The Dollar/Yen finished sharply lower last week as traders poured money into the safe-haven Japanese Yen in reaction to a steep sell-off in the global equity markets. The Forex pair hit a seven-week low on Friday, its largest daily loss since May 2017. Another reason for the weakness were expectations of an earlier than expected rate cut by the U.S. Federal Reserve. Traders have priced in a 100% chance of a 25 basis point rate cut by the Fed at its March meeting.
Last week, the USD/JPY settled at 108.064, down 3.511 or -3.15%.
Weekly Technical Analysis
The main trend is down according to the weekly swing chart. The main trend changed to down last week when sellers took out the previous main bottom at 108.313. It was reaffirmed when the weakness extended through the next swing bottom at 107.651.
The main range is 114.210 to 104.463. Its retracement zone at 109.337 to 110.487 is new resistance. Trading below this zone is helping to generate the downside bias.
The short-term range is 104.463 to 112.226. Its retracement zone at 108.345 to 107.428 is potential support. The USD/JPY closed inside this range last week. Trader reaction to this zone is likely to set the tone in the market this week.
Weekly Technical Forecast
Based on last week’s price action and the close at 108.064, the direction of the USD/JPY this week is likely to be determined by trader reaction to the 50% level at 108.345 and the Fibonacci level at 107.428.

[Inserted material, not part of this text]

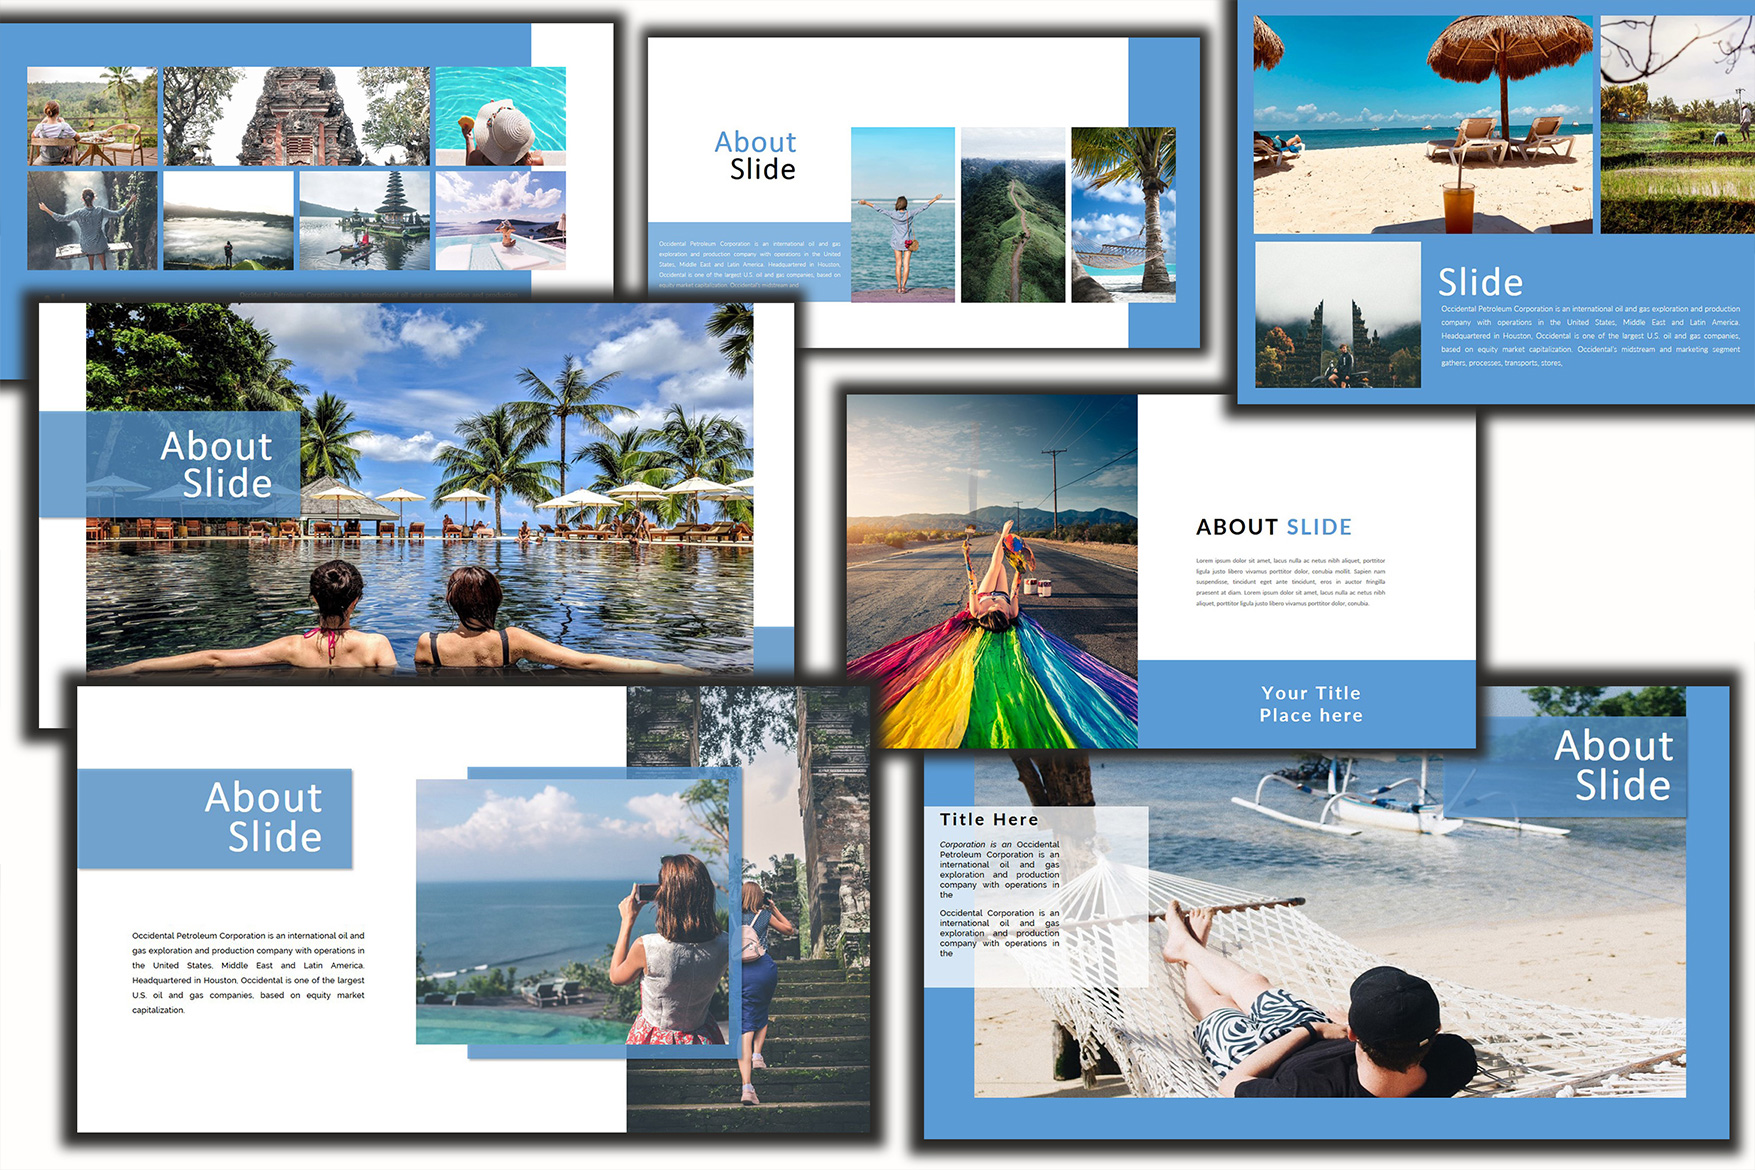 Holiday - Google Slides Presentation example image 3

A sustained move under 107.428 will indicate the presence of sellers. This could trigger a break into the main bottom at 106.485. This price level is a potential trigger point for an acceleration to the downside with the next major target the next main bottom at 104.463.
Holding the Fibonacci level at 107.428 will be the first sign of buyers. This could trigger a move into the Fib level at 108.345. This is a potential trigger point for an acceleration to the upside with the next target the main 50% level at 109.337.